In the Best Shape of My life!

It’s Friday, everyone! And that means another Primal Blueprint Real Life Story from a Mark’s Daily Apple reader. If you have your own success story and would like to share it with me and the Mark’s Daily Apple community please contact me here. I’ll continue to publish these each Friday as long as they keep coming in. Thank you for reading!

My name is J.J. Valdivia and I am a 24 year old personal trainer down in Miami, Florida. First and foremost, I cannot thank you enough for the impact that your book and website have made on my life. I have been Primal now for almost one year and I am in the best shape of my life! I am 5’11, 165 lbs and carry around 6% body fat.

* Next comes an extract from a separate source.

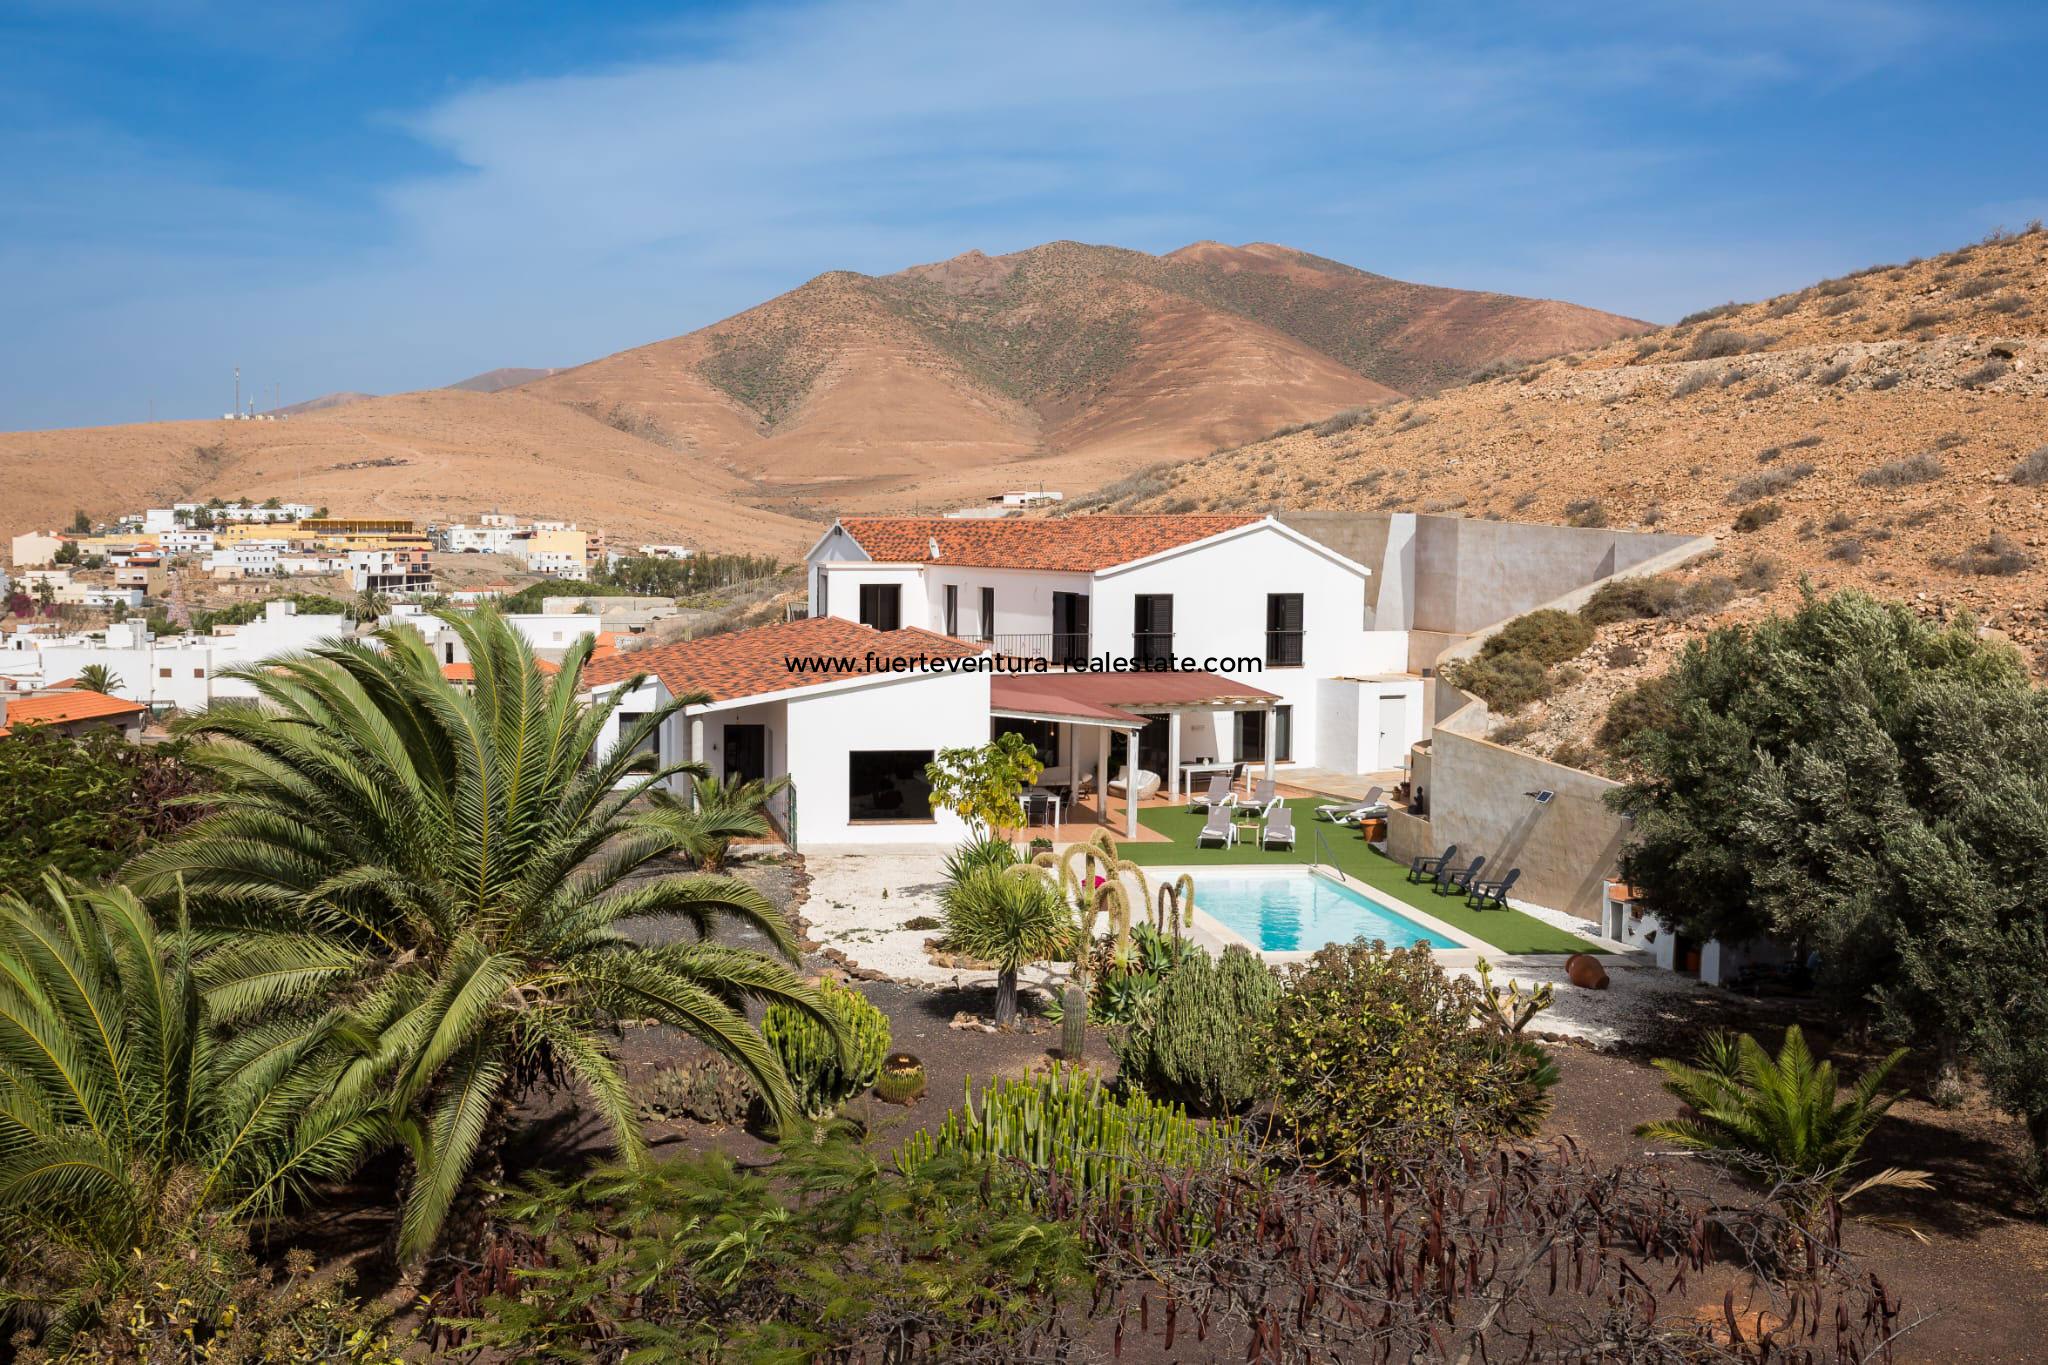 En vente! Belle propriété située à Pajara au sud de Fuerteventura

Before discovering The Primal Blueprint I hovered at around 10-12% body fat and weighed in at around 175-180 pounds. All this considering I now exercise less than I ever have my entire life! I used to train six days a week religiously. I would alternate between one day of one hour circuit weight training and another day of one hour chronic cardio. I would count each and every calorie and needless to say I was miserable. I have always been into “health and fitness” and I was convinced that I was doing everything right, or so I thought. Constant overtraining mixed with a high carb, low fat diet led to binge eating on the weekends and a continuous cycle that led nowhere. I was always starving even though I was eating 5-6 small meals a day! Not only that, but I looked exactly the same and saw no results. That was one year ago…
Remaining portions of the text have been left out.